I wonder what components you could fit to it??? XTR hubs? single speed? Time for some 29er photos and photoshop me thinks...


----------



## Low_Rider (Jan 15, 2004)

Does it come in a 29'er??


----------



## Offrampmotel (Mar 10, 2006)

{quote]Based on the Brand New, Re-Engineered, 2004 Original Big Wheel![/quote]

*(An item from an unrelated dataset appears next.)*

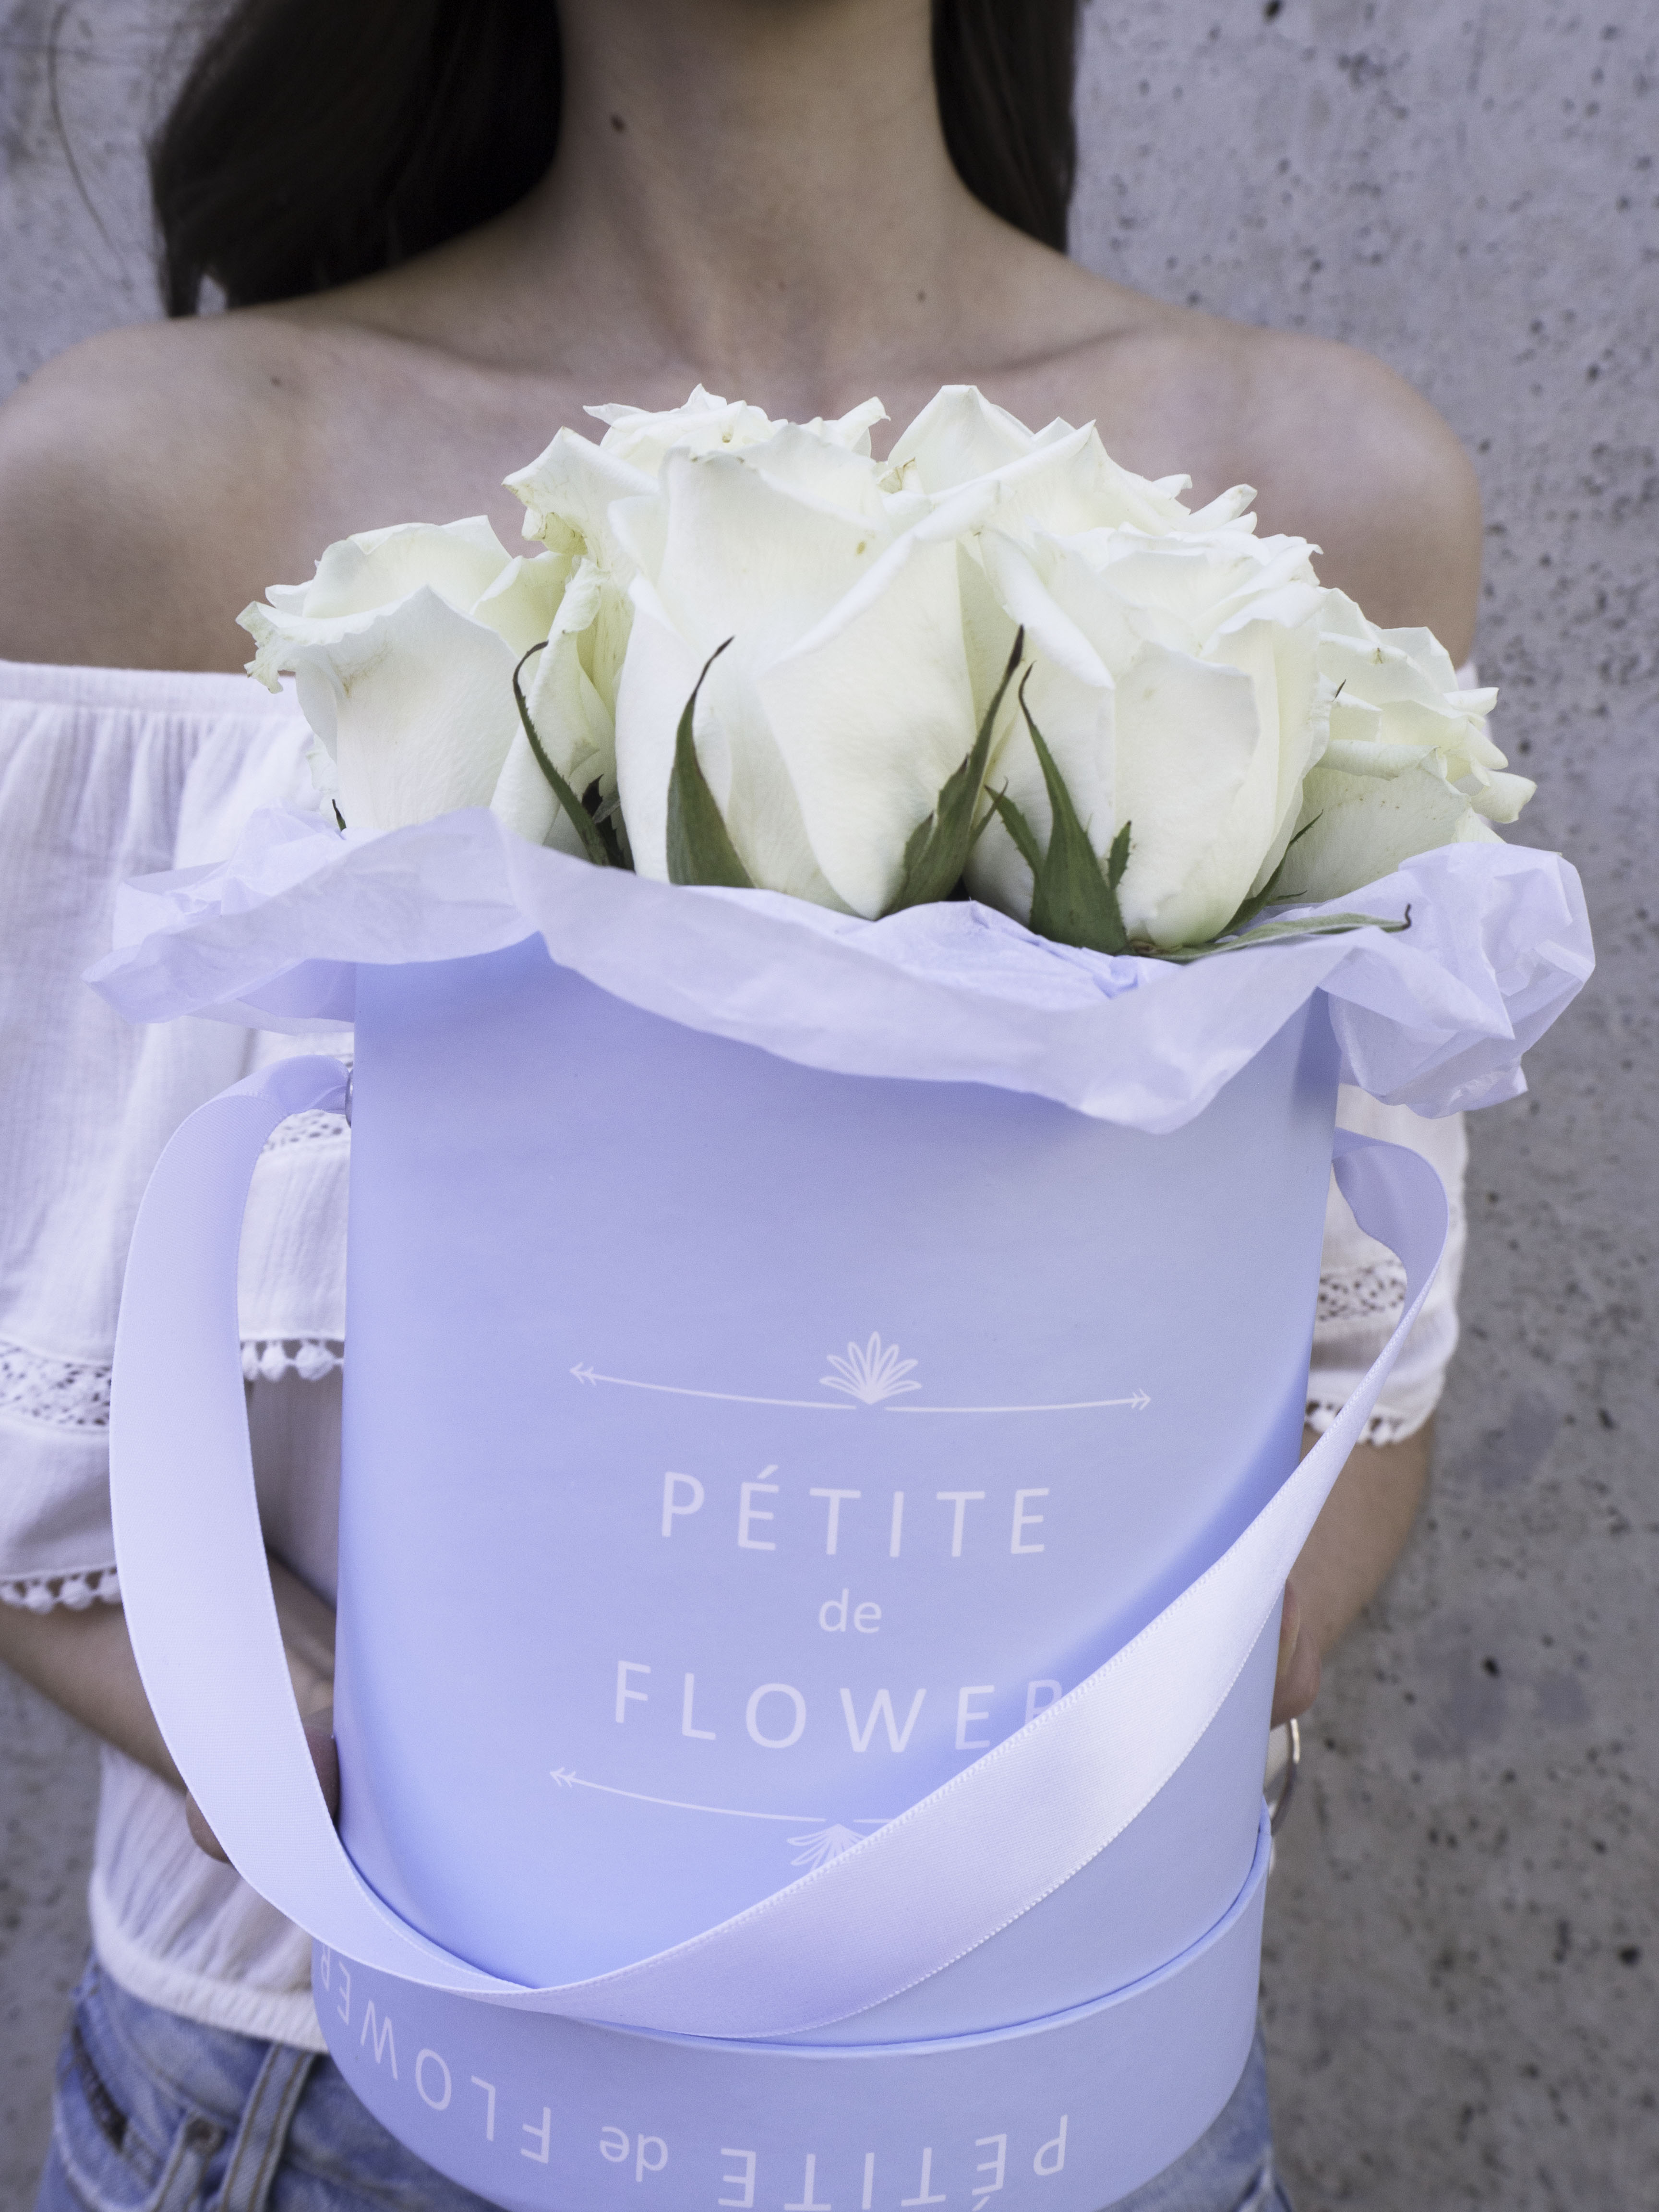 Petite de Flower 11

I have a hard time believing that the 2004 Big Wheel is the original unless I was caught in some sort of time warp when i was 6


----------



## skiahh (Dec 26, 2003)

I want an adult sized Krazy Kar!!


----------



## Stevirey (Jul 16, 2005)

*Big Wheel*

Just make sure you get the one with the front freewheel!I loked at the ad.Did you see the computer?Are they saying somebody went 38 mph on one?There's a hill next to my house....What would tell them in the ER?


----------



## Locoman (Jan 12, 2004)

That's when you're busting down the hill with the feet off the pedals. Thems fixed gear machines )


----------



## willtsmith_nwi (Jan 1, 1970)

*Recumbant Tricycles ...*

Who would have thought that serious cyclists could ever get stoked over recumbant single speed tricycles with plastic tires.


----------



## Locoman (Jan 12, 2004)

Only the rear wheels on the green are plastic, the rest are air.


----------



## SS-Rider (Feb 27, 2006)

Damn those things rocked!!! I loved mine! Big Wheels sucked  The things you gould do in a Green Machine WOW!    Check these out if you havent already! 
http://www.bigwheelrally.com/video/index.htm


----------



## River Hill (Jun 20, 2005)

The green machines were the best. My brother and I use to put oil down in the steet and could do 720's with ease.


----------